Devin Dearing Preston: NYC writer, playwright, and storyteller

Predatory Females

April 12, 2010

I think there is a general misconception in our society that women don’t like sex. Or, aren’t suppose to. Because only trashy girls named after Disney characters  who chew watermelon Bubblelicious, wear Candies and flaunt their tits like they’re merchandise in some going out of business sale are into something as vulgar as sex. But it’s just not the case. Woman are people. And people love sex. It’s highly pleasurable. And if its done right, it can even be transcendent. (Why do you think so many of us scream out the Lords name at climax?)  

Now there are some rules in the mating ritual that cannot be ignored. A big one is to never ever ever approach a man. Ever. Sorry guys, the ball is and always will be in your court. Why? Because you have a penis. It’s really as basic as that.

However, some of us ladies have evolved and have learned how to work around that rule by setting the perfect trap.  Fess up ladies. You know who you are. Its nothing to be ashamed of. On the contrary, you are actually the brighter among our sex, because you’ve figured out how to get the men to come to you. With a few simple tricks, you’ve got the guy thinking he picked you up.

I will say that for a lot of women this might be sub-conscience. They have become so good at baiting the line, they don’t even know that they are doing it anymore. That, or they are so gosh darn pretty, they never had to give it much thought.

What exactly does this look like? 

Well, I was coming home on the 1 train a few Fridays ago. It was around midnight and relatively early for a young single girl in New York to call it a night. But seeing as how I’m still celibate and probably not going to meet any guy  interested in just talking on a Friday night after  midnight and a couple of cocktails, I deserted my friends who were just starting their drunken tear, got a camomile tea and boarded the train alone.

 That long train ride home by myself, especially on the weekends, when the train is littered with cuddling couples en route to fornicate, is indeed the worst part of my celibacy. I glare at them with envy. And slyly scan the train for possible sex partners, saying in my head, “Screw my blog, I want to get laid!!”

Sitting next to me was a young woman in what seemed to be the exact same predicament, slightly buzzed and not ready to go home alone. But she jumped into action. Standing in front of us was a decent looking guy holding a playbill.

After what I assume was a coy game of eye contact and the exchange of smiles, she innocently  asks “How was the Opera?” while tossing her hair and saying wanna fuck? with her eyes.

I was just as shocked as our young guy.

Quick, remember what you saw tonight.”Oh, it was pretty good. Not the best I’ve seen, but pretty good”

“You see a lot of Opera?” She was clearly testing him. And everyone on the train knew it. One, to see if he was gay and two to see if he was actually into art, or merely holding a playbill to pick up chicks.
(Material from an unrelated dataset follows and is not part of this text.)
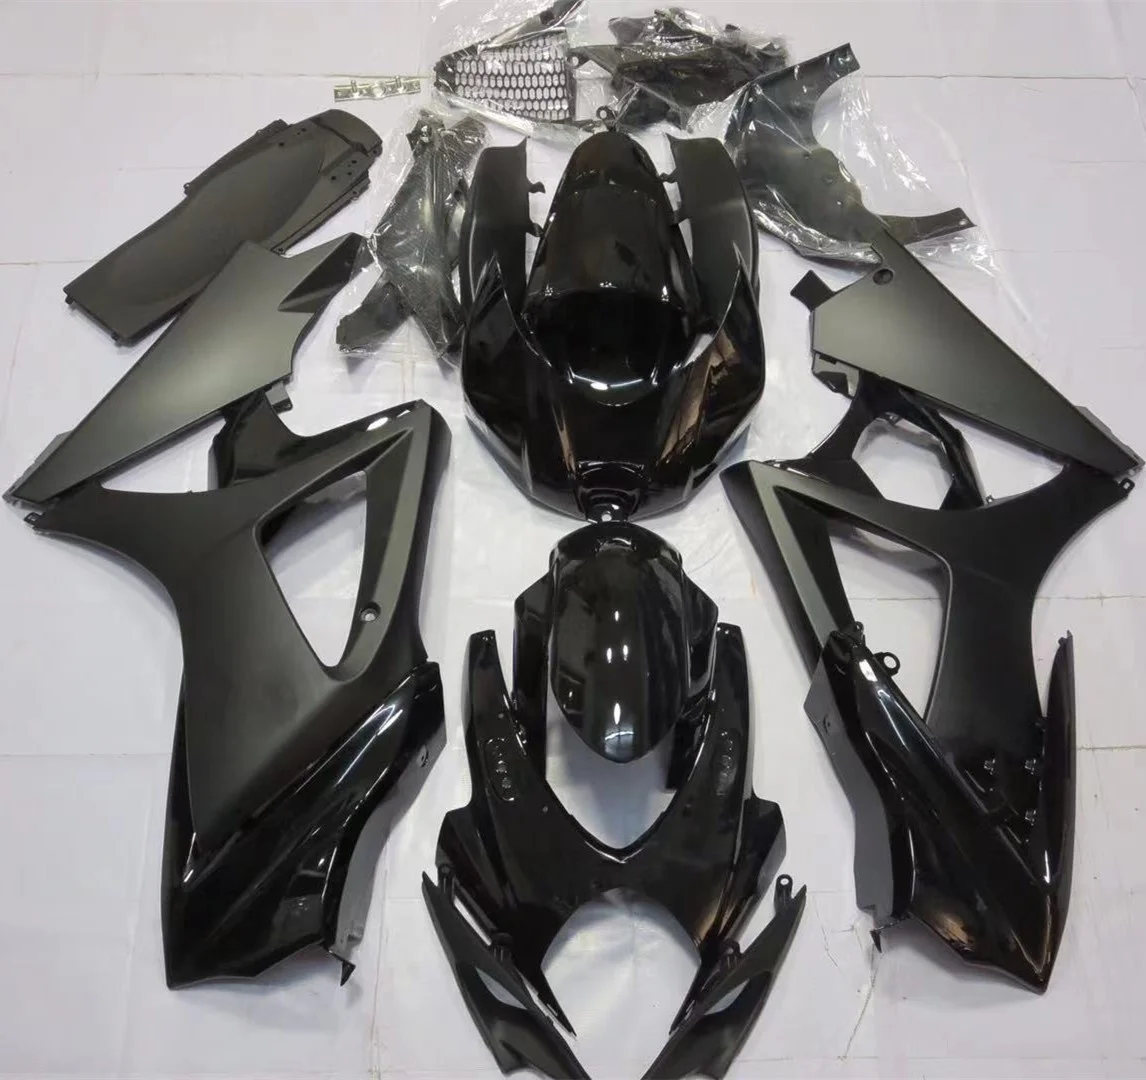 

2022 WHSC Full Motorcycle Fairings Fit For SUZUKI GSXR1000 2007-2008 ABS Plastic Body Work Black, Pictures shown

“Yeah, I try to go every season. I’ve only seen four this season.”

“Wow. What have you seen?” And the conversation carried on like this for an annoying amount of time because it was clear that neither one of them knew anything about Opera and were actually just sizing each up, wondering what the other person looked like without their clothes on while still trying to prove that they were educated and had opinions.

Until our prissy friend says, “That’s so great that you take advantage of what this city has to offer.”
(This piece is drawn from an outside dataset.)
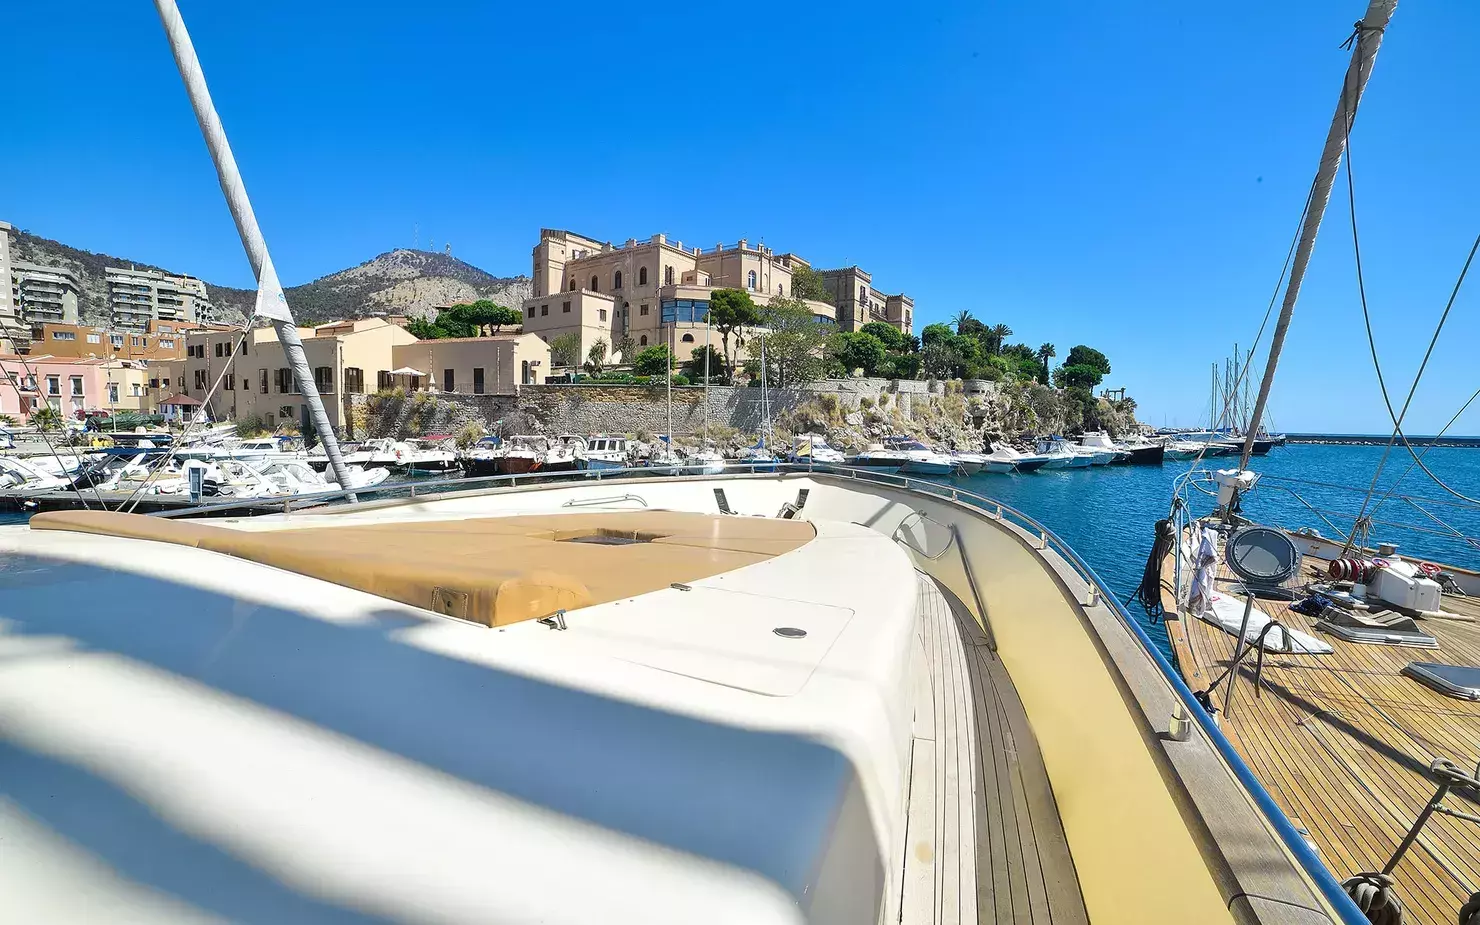 Andea by Tecnomar - Top rates for a Charter of a private Motor Yacht in Malta

“Thank you.” He said, thinking  I’m so in! “Yeah, I try.” 

And then the conversation moved seamlessly into “Where do you live, where are you from, what do you do?” Which translates to “Are we compatible” in the female mating dance. Which at this point was irrelevant because the girl had already decided she was going to have sex with him. He was an actor/musician, she was psyche major at Columbia. So, they were both nuts. I couldn’t have made this up if I tried. She then finds an excuse to stand-up and continue their conversation with their bodies pressed against one another. A bold move. I miss the majority of the end of this conversation, but assume it was filled with the same empty chatter as the beginning. But I look up from my book at 116th street and they are getting off the train together at her stop.

And just like that, two lonely people find each other. For sex. How romantic.

I was a little shocked that it didn’t just end with a number exchange, but it was Fuck me Friday after all. I guess the point of this story is that the guy didn’t see what hit him. He was minding his own business until a pretty burnet flashed her sweet smile at him and he was toast. And every woman has that kind of power. I guess when a cute young conservative girl looks at you with fuck me eyes gentle men, you take her home.  And fuck her.

 My new biggest fear is that this celibate path will make me buckle one lonely night after a couple glasses of wine and take home some out of work actor I meet on the train who is only kinda cute and only pretends to know something about Opera. But if and when that does happen, you’ll be the first to know.